On the IAM dashboard, please click on Roles on the left sidenav and search for this Role. Once the Role appears, click on the Role to go to its Summary page. Click on the Trust relationships tab on the Summary page to add AWS Glue as an additional trusted entity.

Click on Edit trust relationship and replace the JSON with below JSON.

In [1]:
{
  "Version": "2012-10-17",
  "Statement": [
    {
      "Effect": "Allow",
      "Principal": {
        "Service": [
          "sagemaker.amazonaws.com",
          "glue.amazonaws.com"
        ]
      },
      "Action": "sts:AssumeRole"
    }
  ]
}

{'Version': '2012-10-17',
 'Statement': [{'Effect': 'Allow',
   'Principal': {'Service': ['sagemaker.amazonaws.com', 'glue.amazonaws.com']},
   'Action': 'sts:AssumeRole'}]}

In [16]:
import numpy as np                                # For matrix operations and numerical processing
import pandas as pd                               # For munging tabular data
import matplotlib.pyplot as plt                   # For charts and visualizations
from IPython.display import Image                 # For displaying images in the notebook
from IPython.display import display               # For displaying outputs in the notebook
from time import gmtime, strftime                 # For labeling SageMaker models, endpoints, etc.
import time
import sys                                        # For writing outputs to notebook
import math                                       # For ceiling function
import json                                       # For parsing hosting outputs
import os                                         # For manipulating filepath names
import boto3
import botocore
from botocore.exceptions import ClientError

import csv
import io
import re
import s3fs


import sagemaker                                 
from sagemaker.predictor import csv_serializer 
from sagemaker.predictor import json_deserializer
import sagemaker.amazon.common as smac
from sagemaker import get_execution_role

### 1. Preparation (Specifying Sagemaker roles)

In [3]:
sess = sagemaker.Session()
boto_session = sess.boto_session
s3 = boto_session.resource('s3')
account = boto_session.client('sts').get_caller_identity()['Account']
region = boto3.Session().region_name
default_bucket = 'aws-glue-{}-{}'.format(account, region)                     
role = 'arn:aws:iam::570447867175:role/SageMakerNotebookRole' # pass your IAM role name

print('Sagemaker session :', sess)
print('BoTo3 session :', boto_session)
print('Account:', account)
print('S3 bucket :', default_bucket)
print('Region selected :', region)
print('IAM role :', role)

Sagemaker session : <sagemaker.session.Session object at 0x000001E8EA71C088>
BoTo3 session : Session(region_name='us-west-2')
Account: 570447867175
S3 bucket : aws-glue-570447867175-us-west-2
Region selected : us-west-2
IAM role : arn:aws:iam::570447867175:role/SageMakerNotebookRole


### 2. Load Data

Dataset can be directly donwloaded from UCI Machine Learning Repo [Link](https://archive.ics.uci.edu/ml/datasets/abalone) 

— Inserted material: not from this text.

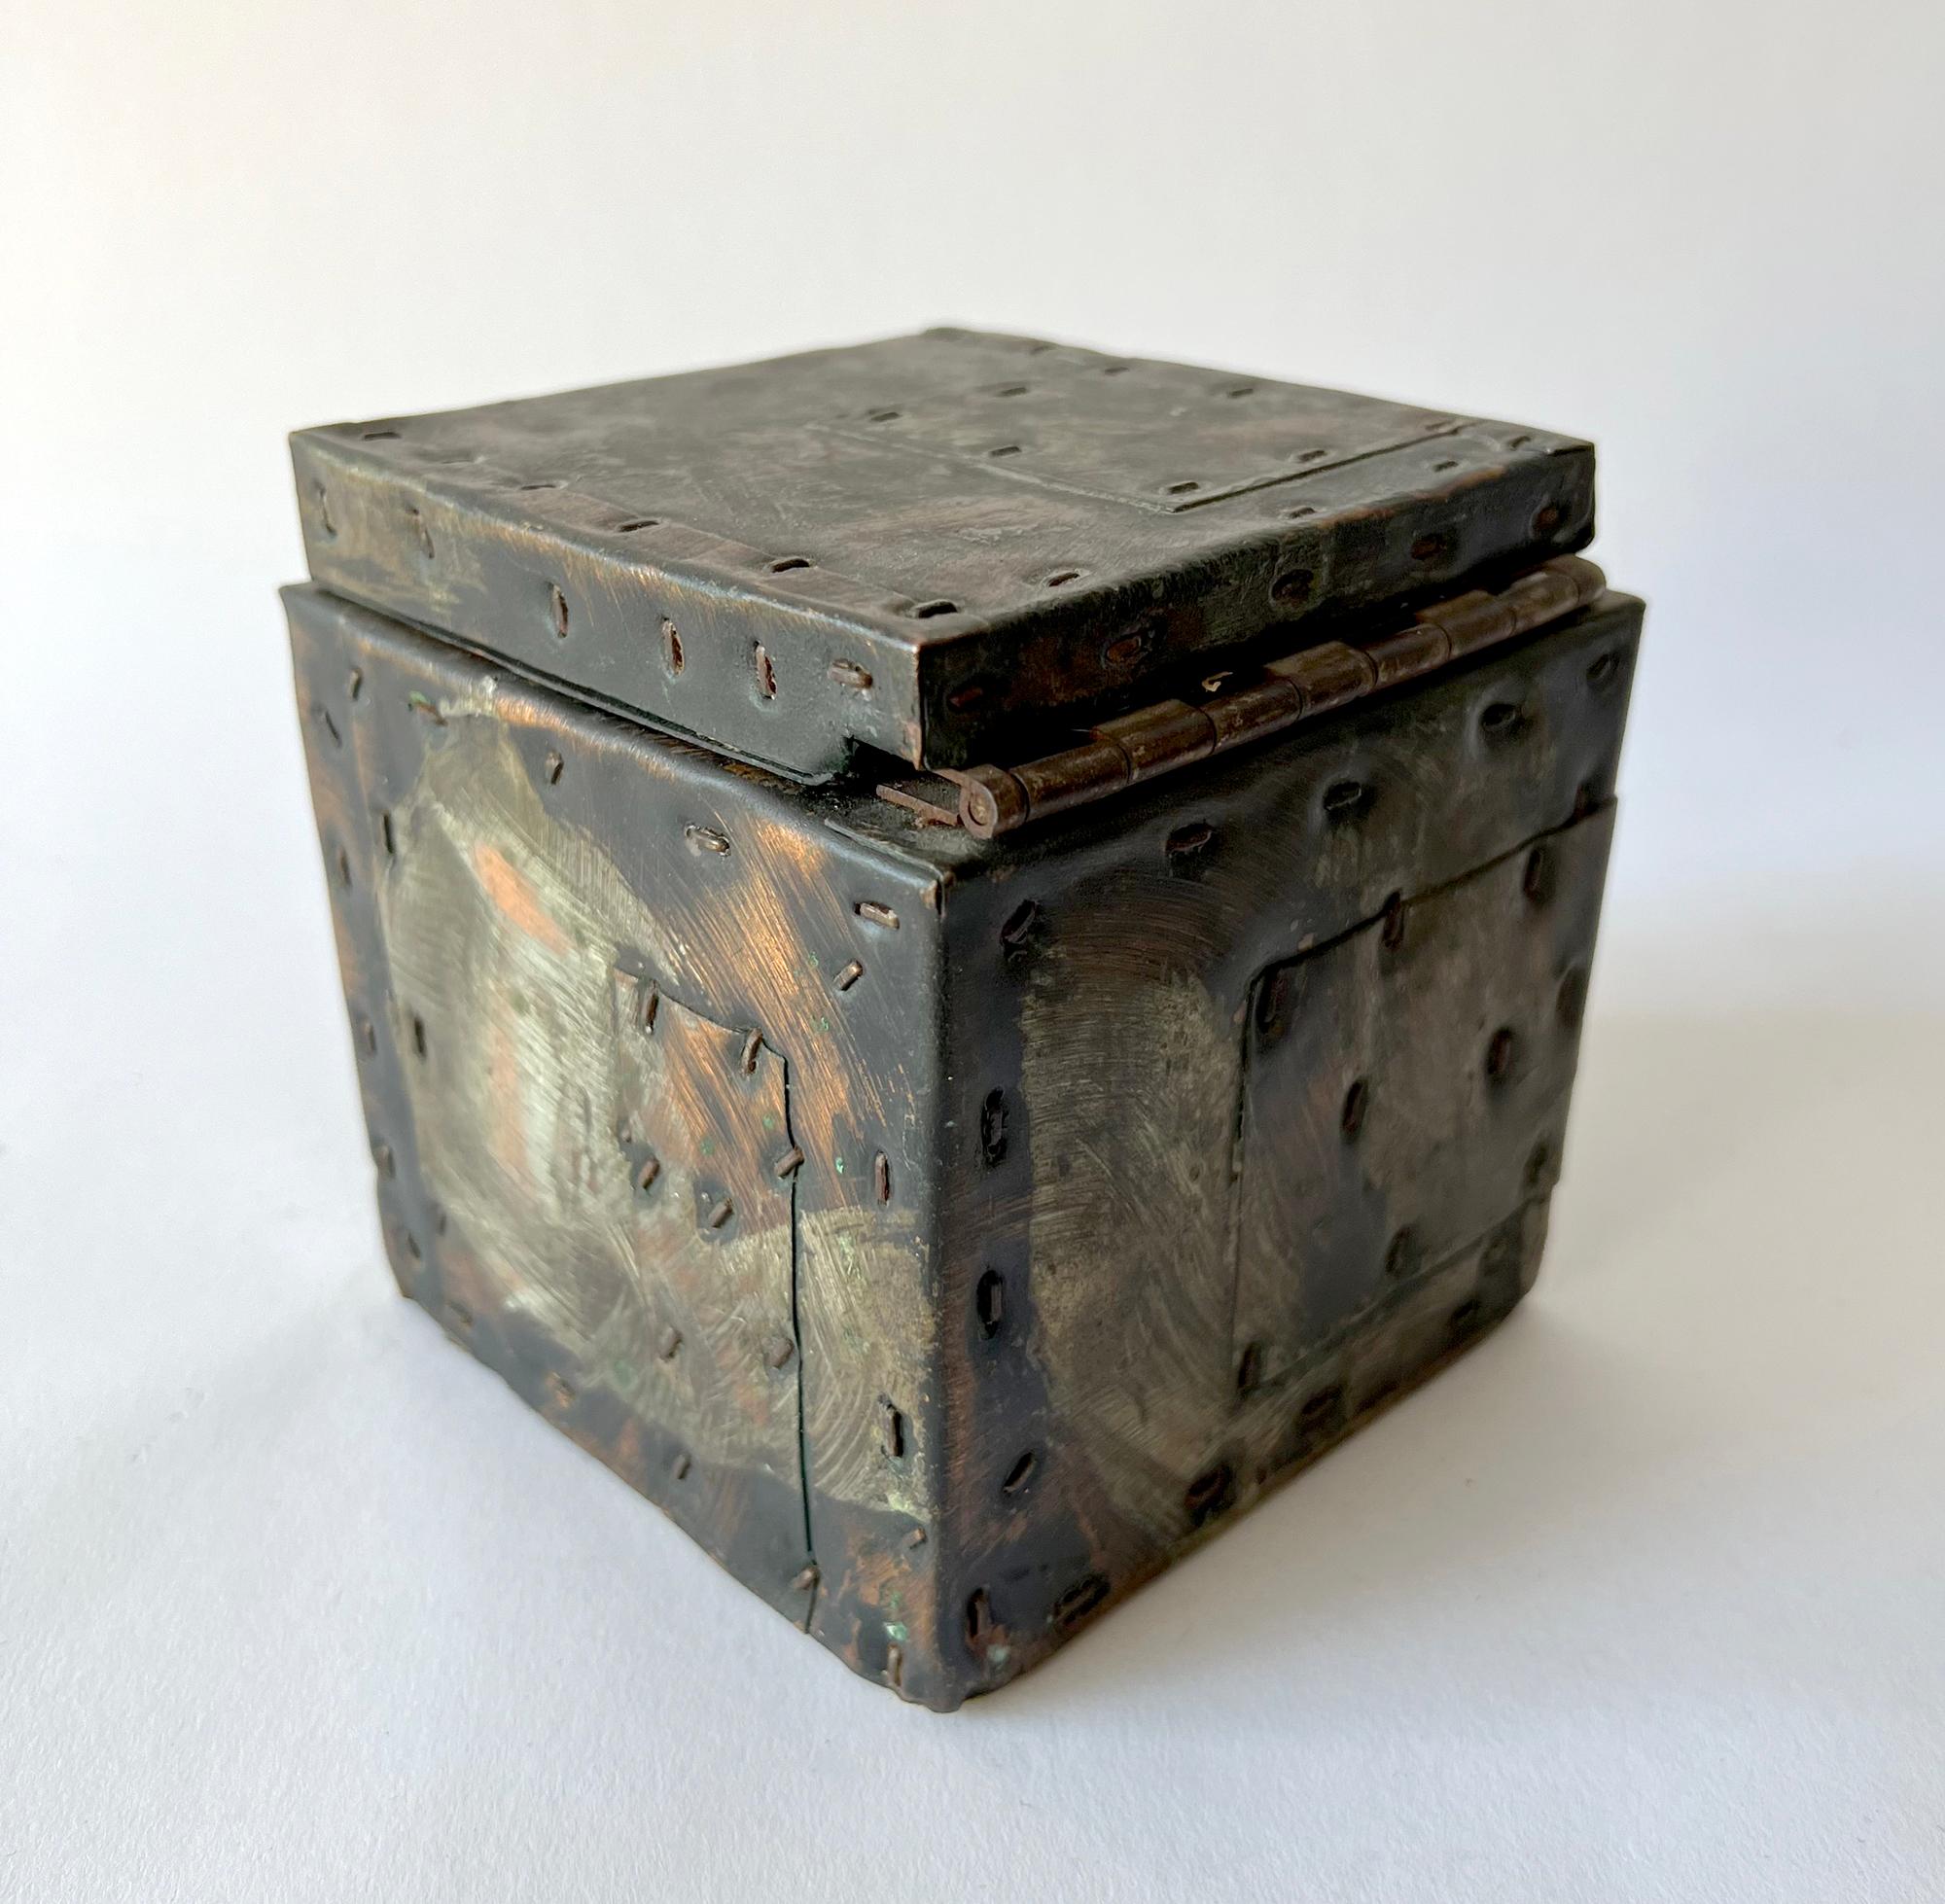 Patinated copper, steel and brass handmade cube box created by Paul Evans (1931-1987). Box measures 5

We will download the data from above link that bucket and upload to your bucket so that AWS Glue can access the data. The default AWS Glue permissions we just added expects the data to be present in a bucket with the string aws-glue. Hence, after we download the dataset, we will create an S3 bucket in your account with a valid name and then upload the data to S3.

Or you can uncomment below to wget download from SageMaker Team's bucket 

In [4]:
# !wget https://s3-us-west-2.amazonaws.com/sparkml-mleap/data/abalone/abalone.csv

##### Creating an S3 bucket and uploading the dataset

In [6]:
try:
    if region == 'us-east-1':
        s3.create_bucket(Bucket=default_bucket)
    else:
        s3.create_bucket(Bucket=default_bucket, CreateBucketConfiguration={'LocationConstraint': region})
except ClientError as e:
    error_code = e.response['Error']['Code']
    message = e.response['Error']['Message']
    if error_code == 'BucketAlreadyOwnedByYou':
        print ('A bucket with the same name already exists in your account - using the same bucket.')
        pass        

# Uploading the training data to S3
sess.upload_data(path='./data/abalone.csv', bucket=default_bucket, key_prefix='input/abalone')

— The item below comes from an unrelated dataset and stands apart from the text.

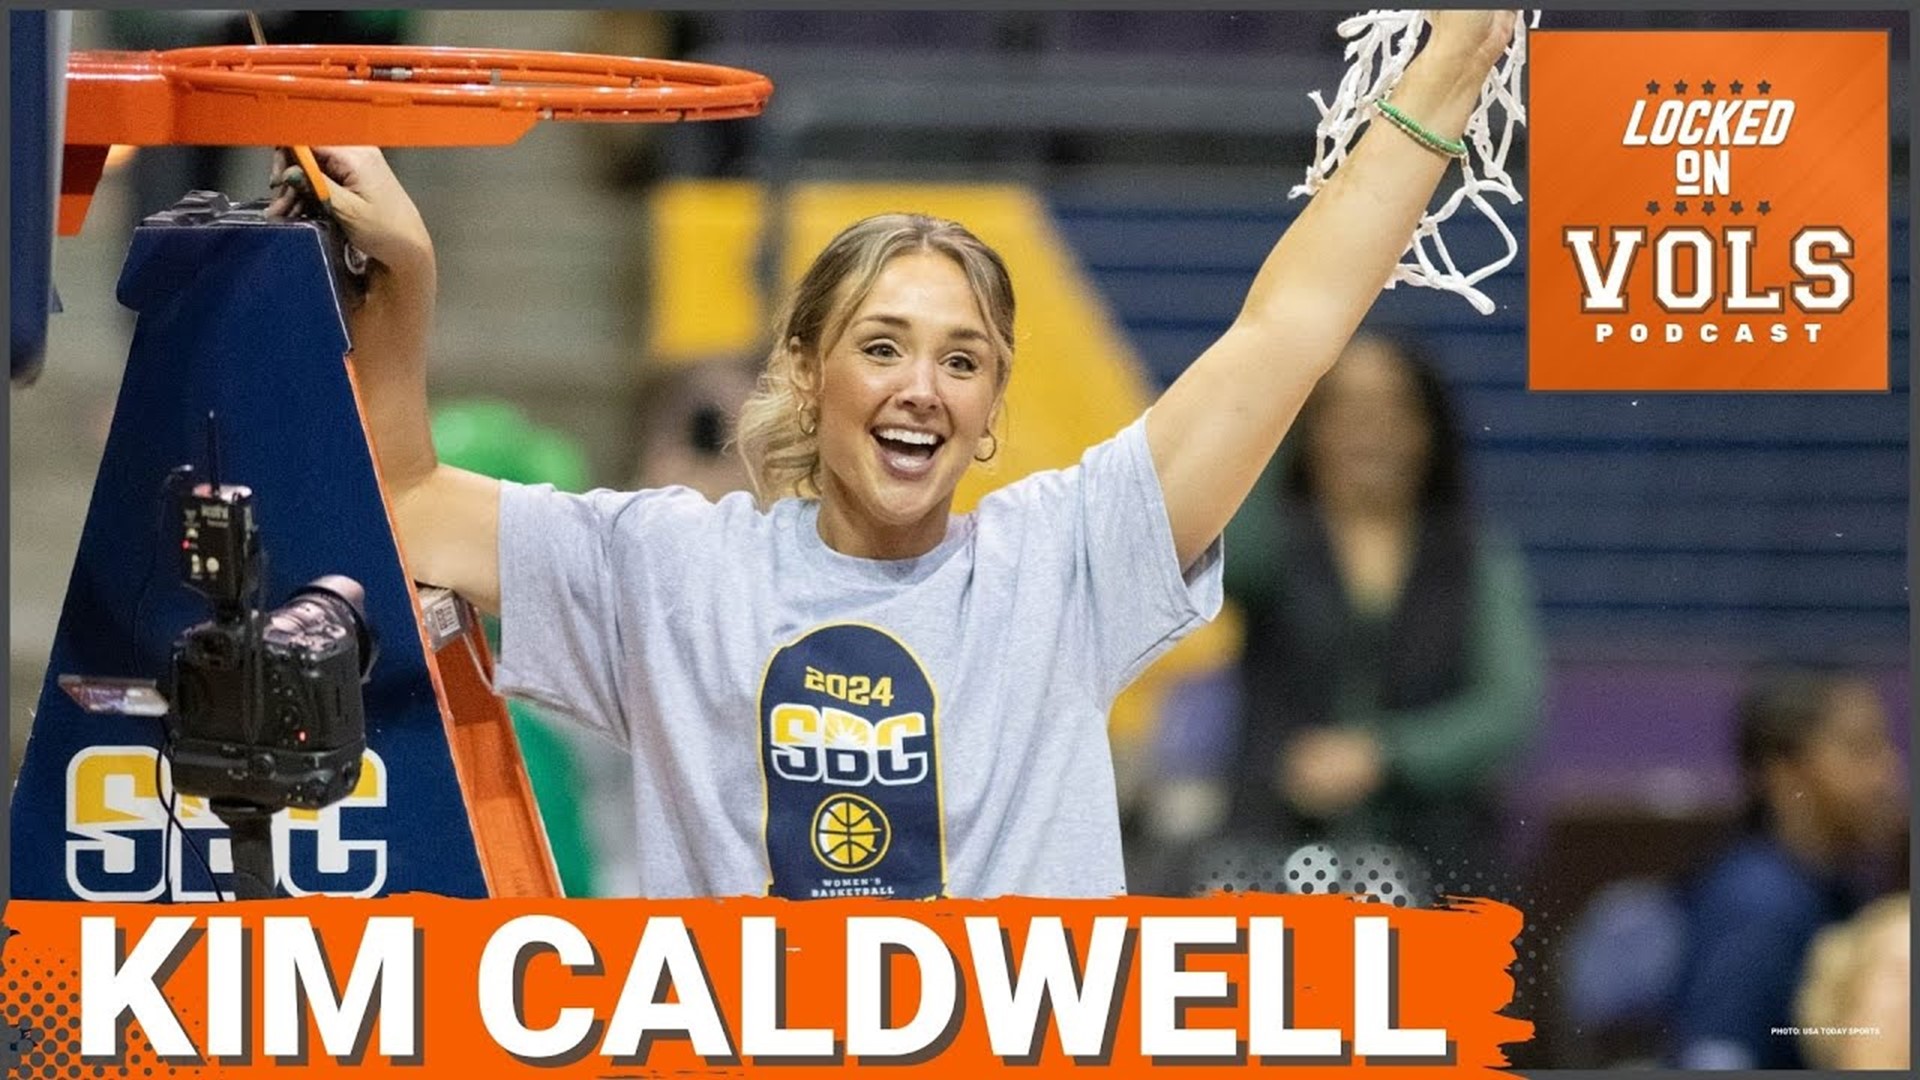 Tennessee Hires Kim Caldwell as Lady Vols Basketball Coach - Has Danny White found another Star?

A bucket with the same name already exists in your account - using the same bucket.


's3://aws-glue-570447867175-us-west-2/input/abalone/abalone.csv'

### 3. Write the feature processing script using SparkML

The code for feature transformation using SparkML can be found in abalone_processing.py file written in the same directory. You can go through the code itself to see how it is using standard SparkML constructs to define the Pipeline for featurizing the data.

Once the Spark ML Pipeline fit and transform is done, we are splitting our dataset into 80-20 train & validation as part of the script and uploading to S3 so that it can be used with XGBoost for training.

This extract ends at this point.